Nutrition and Weight Loss – Greeley Tribune

Registered Dietitian Day is celebrated on the second Wednesday of March each year. It was created by the Academy of Nutrition and Dietetics.

We all want to be healthy and eat healthy foods, but with our hectic work schedules and lifestyles, sometimes it’s not easy. According to Kitchen Stories and a 2019 survey, 30.52% of American citizens dine out several times a month with 45% of diners going out to eat several times a week.

Doesn’t anyone eat at home anymore?

We know we have a choice in where we go to dinner and what we order. It takes effort and willpower to eat healthy far from home.

Many restaurants in our area offer delicious meals and a healthy menu for us to choose from. I spoke to the owner of a new restaurant in Windsor, William Oliver’s public house, Ryan “Rico” Wallace.

My husband and I had dinner there a week or so ago. I felt like an authority. I didn’t notice a salad on the menu so I ordered mac and cheese.

I must say it was great!

I asked Rico about the restaurant’s healthy options, and he said, “In general, our menu is relatively healthy. We serve a caprese salad or a jackfruit sandwich (which I totally missed), and provide information for our guests to help select gluten-free, keto, vegetarian, and vegan options, and dairy-free.”

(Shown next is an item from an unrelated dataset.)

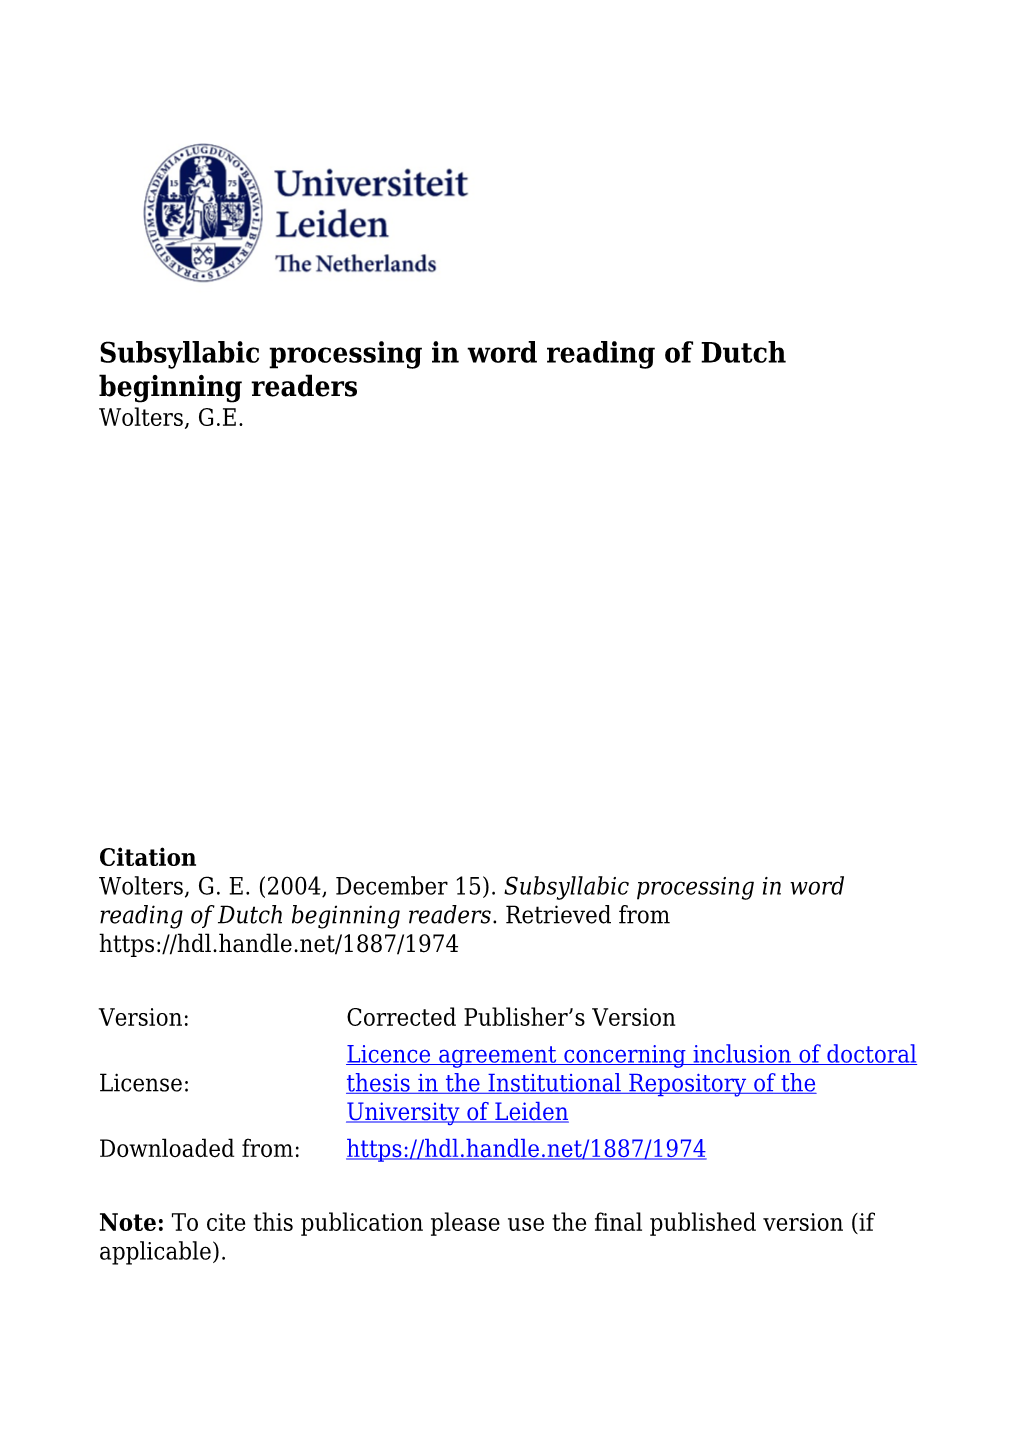 Subsyllabic Processing in Word Reading of Dutch Beginning Readers Wolters, G.E
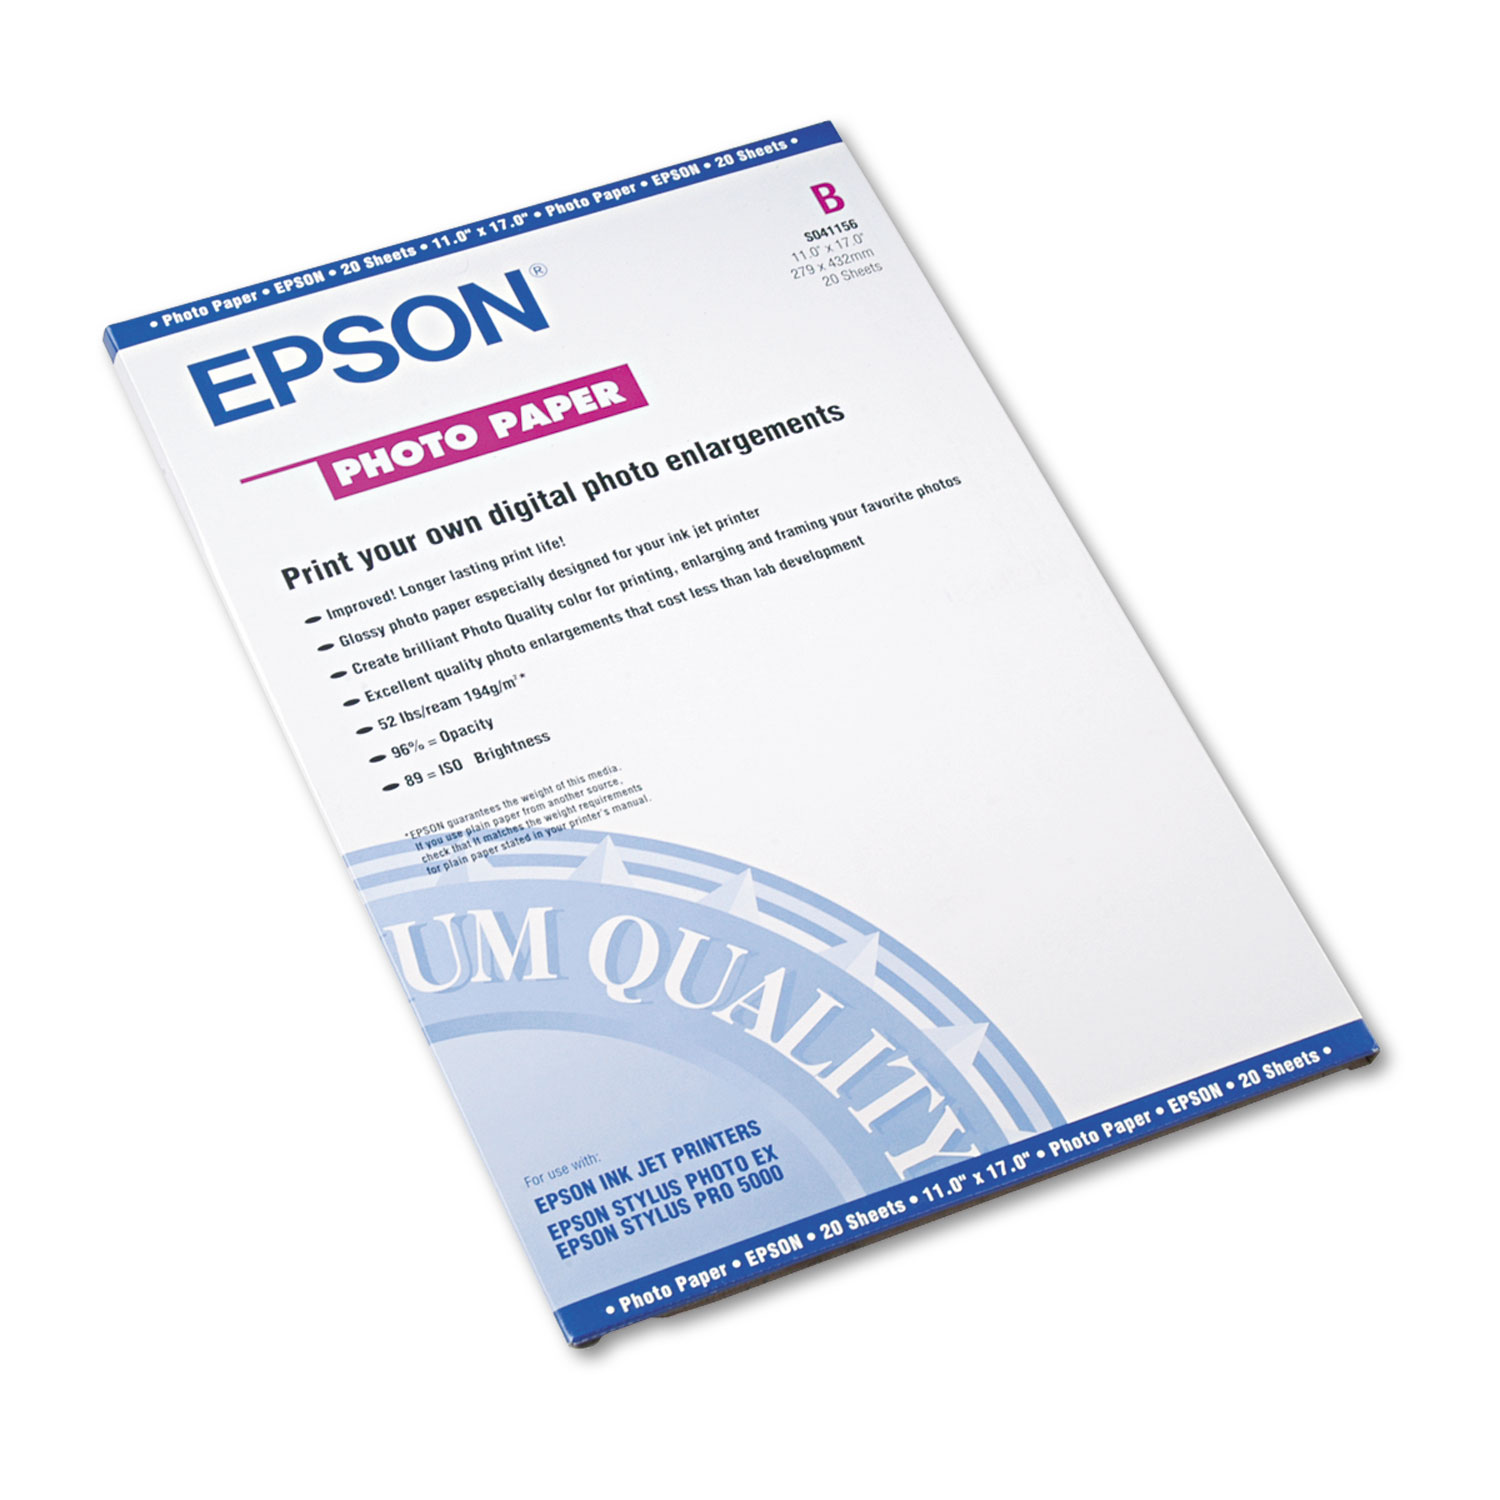  Epson S041156 Glossy Photo Paper, 9.4 mil, 11 x 17, Glossy White, 20/Pack (EPSS041156)

Did I really look at the list? William O was at full capacity that night. People were smiling, talking and enjoying adult drinks. For me it felt as if we were in a big city.

Rico and I both agree that William O’s is an excellent social meeting place for the community and as a neighborhood pub it is its lifeblood. Next time I’ll order the Caprese salad because it’s one of my favorites…with a side of Mac and Cheese! Thank you Rico!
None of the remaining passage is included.